Key questions of special interest to the symposium’s organizers include the following:
• What were the political, economic, social, and cultural factors that help explain the situation concerning human spaceflight in 1961? In 1981?
• What did it mean to be an astronaut or a cosmonaut in 1961, in 1981, and how has this changed over time from social, cultural, transnational, and institutional perspectives?
• What geopolitical factors have affected the manner in which various nations have approached the issue of human spaceflight?
• What does it mean for nations to be part of an elite “club” of human spacefarers?
• What goals in human spaceflight existed at various moments in the history of the space age?

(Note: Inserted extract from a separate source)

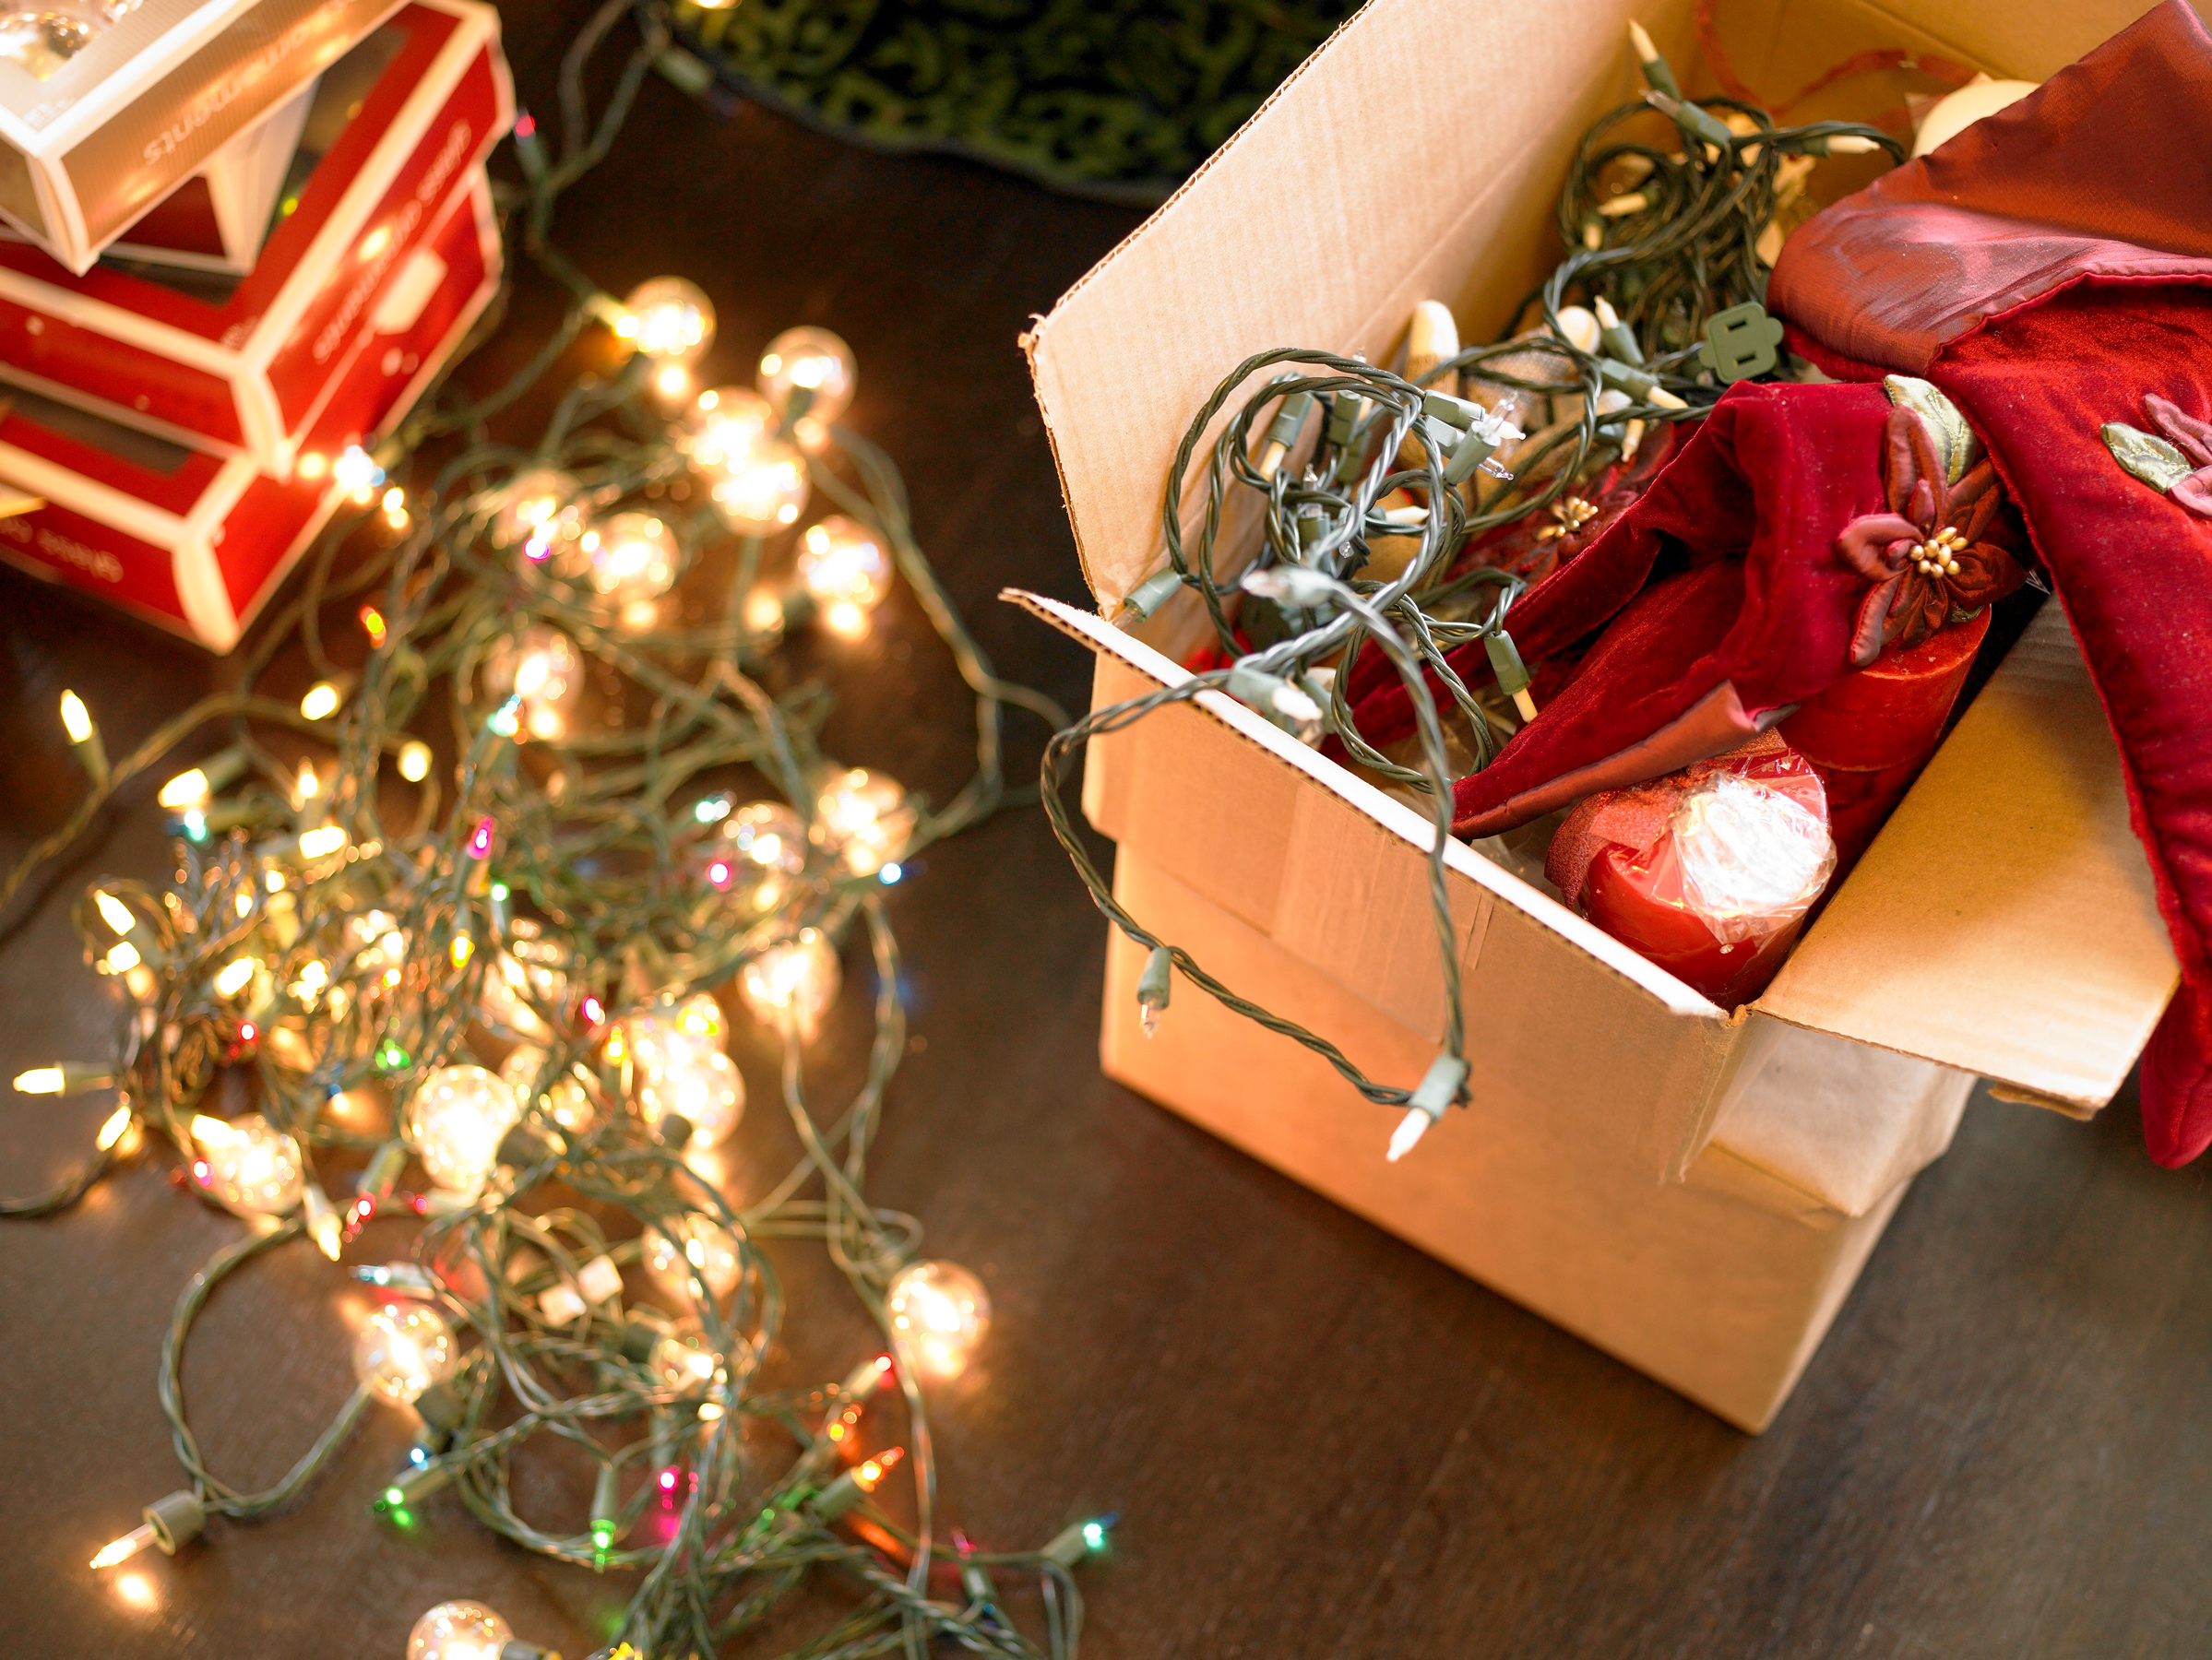 Ξεστολίζουμε: Έξυπνοι τρόποι για να αποθηκεύσεις τα χριστουγεννιάτικα σωστά

Have these changed over time and why?
• How might transnational historical themes, rather than nationalist perspectives, be deployed to understand these moments in time?
• What cultural influences (such as fiction, advertising, literature, art, music, labor movements, and globalism) help to explain these experiences?
• What technological developments drove the seizing of the two moments in 1961 and 1981to take human spaceflight in directions not achievable before?
• How have national approaches been different from each other in terms of their treatment of launch vehicles, human factors in space, selection and training of astronauts, cultural treatment of astronauts, and the like?
• What are the social, cultural, and political ramifications of these 1961/1981 moments in time and the place of fifty years of human spaceflight?
• What is the legacy of human spaceflight?
• What new insights might we explore about the different approaches that the U.S., the U.S.S.R./Russia, and China have taken to human spaceflight?
• What have we learned about national space agencies versus transnational consortia such as the European Space Agency versus private sector investment in human spaceflight capabilities?

Proposals may address any area of human spaceflight history related to the 1961/1981 theme. Proposals should be relatively brief (1-2 page abstracts would be fine) and should include a c.v. Proposals are due by 15 October 2010, with a decision made about selection for presentation by 31 December 2010.

Please send proposals to: Roger D. Launius (launiusr at si.edu) and/or Steve Garber (stephen.j.garber at nasa.gov)

Free Online Professional Development Courses for Teachers

NASA’s Learning Environments and Research Network and the Georgia Institute of Technology have teamed up to create the ePDN, a new initiative dedicated to preparing K-12 teachers to engage their students in STEM (science, technology, engineering and mathematics) through the use of NASA-developed learning materials and resources.

If you are looking for a way to enhance your instructional skills, meet your professional development goals, or find new and exciting resources to use in your learning environments, apply to one of our free courses today!

Applications are now open for courses starting this fall:

Observations, Experiments & Two Variable Data — This course will help teachers implementing the new Common Core high school math standards to brush up on statistics content. Participants will examine two-variable data relationships using scatter plots, time series and two-way tables. Attention will be given to measuring the strength of association, modeling of associations and explaining variability. The target audience is high school mathematics teachers without AP statistics backgrounds.

Getting Started in Robotics — During this first course in the Using Robotics to Enhance STEM Learning, participants will learn how to program the LEGO NXT Mindstorms robot. Participants will become familiar with LEGO vocabulary and parts of the LEGO Mindstorms kit as they build structural components of a robot and use math, science and engineering principles to design, build, test and operate their robots.

Vodcasts — In this course, participants will learn how to use audio and video editing tools to create new content for vodcasts that can be used in classroom lessons or created by their students. Participants will create vodcasts using NASA materials and resources.